約2年間アルバイトと演劇サークルに明け暮れてみて、芸術家の集まりのような世界は自分には向いていないなと気が付きました。では将来、何になろうかと考えて、商学部だから会計だ、と資格学校に通い始めました。ただ大学2年生でゼミを決める段階では、まだ会計士を志望していなかったので経営のゼミに入ってしまっていました。大学2年生のときの会計学の成績は、「優・良・可・不可」の「可」。ギリギリで単位を取ったほど、当初は会計に興味がありませんでした。

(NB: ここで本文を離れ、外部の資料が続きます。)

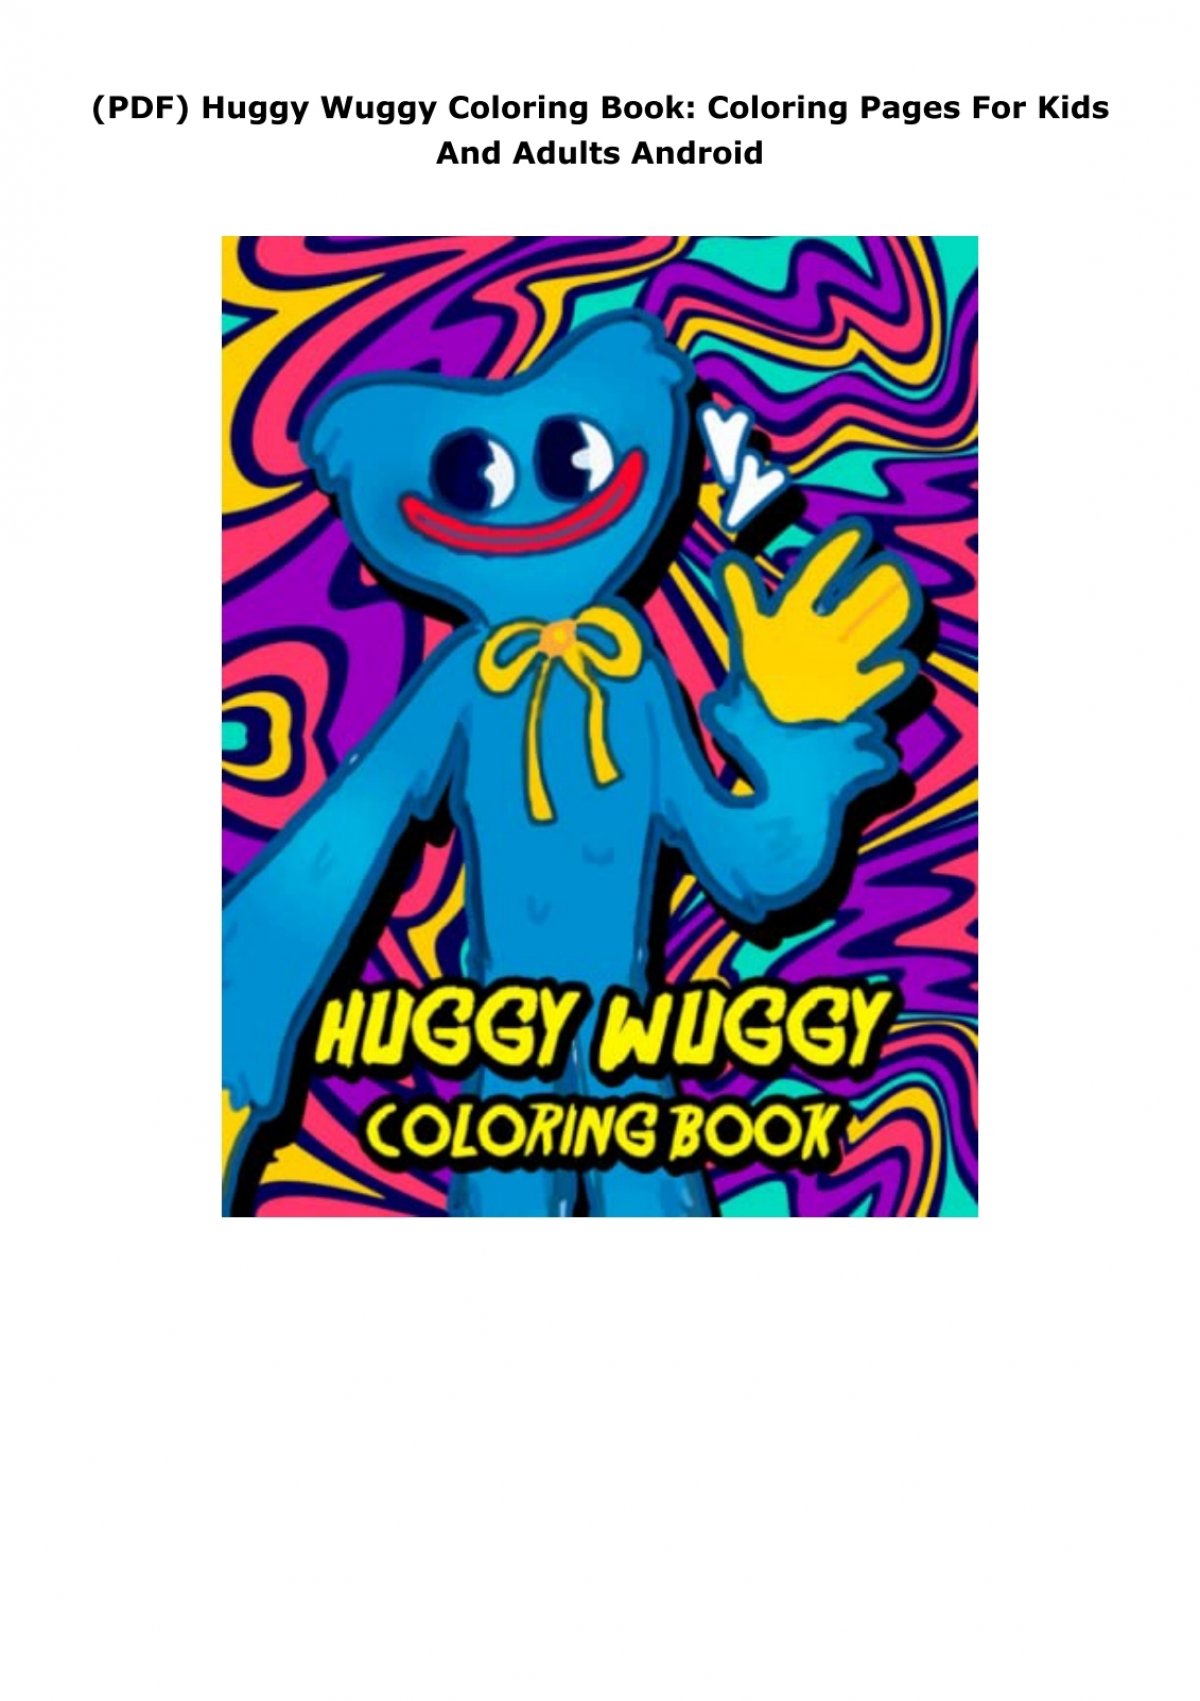 Huggy wuggy coloring book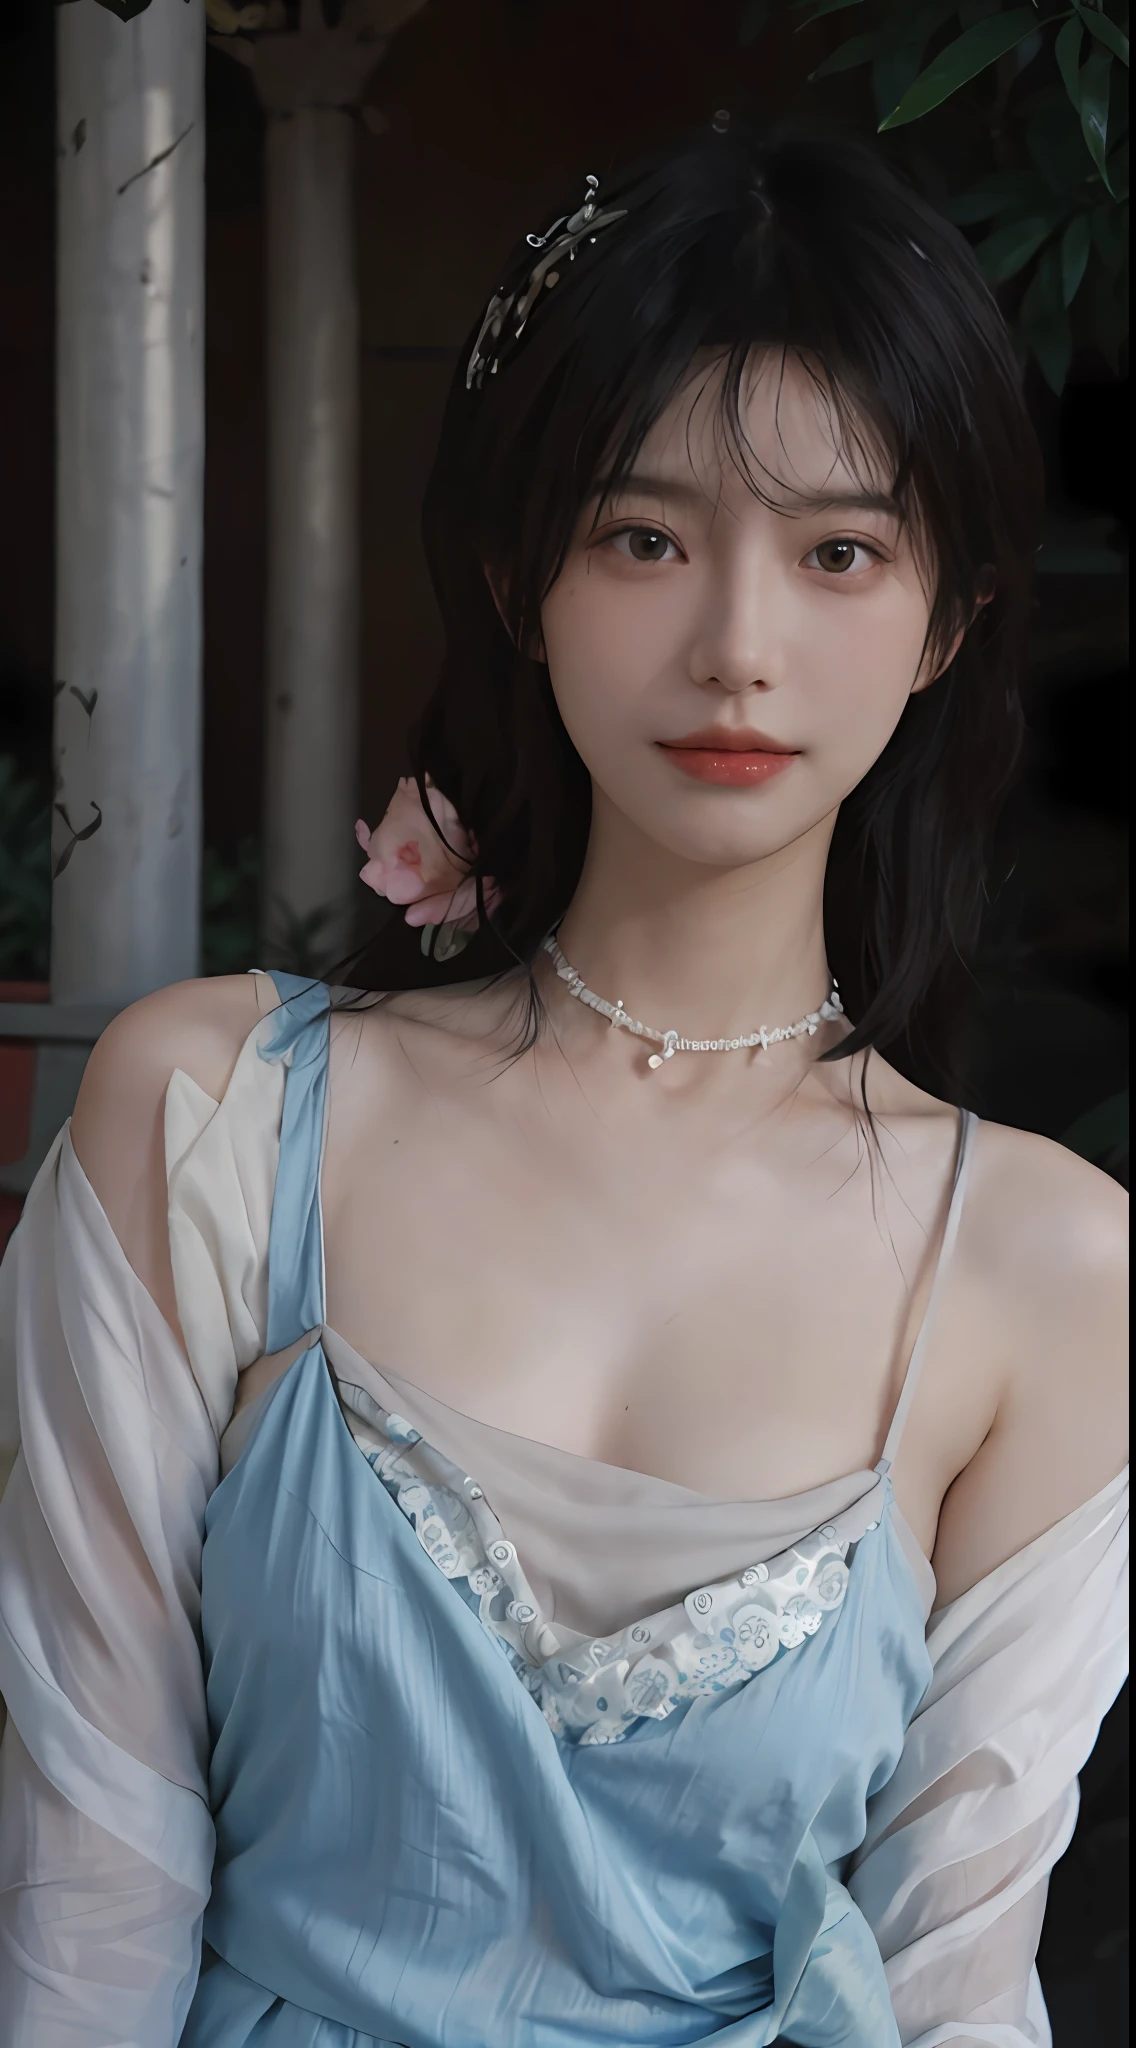 best qualtiy， Ultra-high resolution， （realisticlying：1.4），cute hairpin，Baoyu Girl， A pair of clear and moving peach blossom eyes,Royal Sister，sunshine on face，with long coiled hair，（ln the forest：1.4），（choker necklace：1.2），（Fair skin：1.4），（full bodyesbian：1.2）a sense of atmosphere，a beauty girl， ssmile，head straight-looking at viewer， closeup cleavage ，(Photorealistic:1.4),1girll,sexly,(Upper body:1.4),(Wet body),(:1.2)

当初、興味の持てなかった会計の勉強に打ち込むことができたのはなぜでしょうか。

廣渡:当時はバブル期で、周囲は銀行、証券、保険、商社と、どんどん一流企業に就職が決まって楽勝ムード。一方、自分は就職活動をしていないので背水の陣です。それでもやると言ったからには、早めに受からないと格好悪いと思って勉強しました。試験に強い、勝負強い部分もあったと思います。今でもゼミの指導教授に会うことがあるのですが「うちのゼミで会計士になったのは2人しかいない、廣渡君は何でそうなったのか」と言われますよ(笑)。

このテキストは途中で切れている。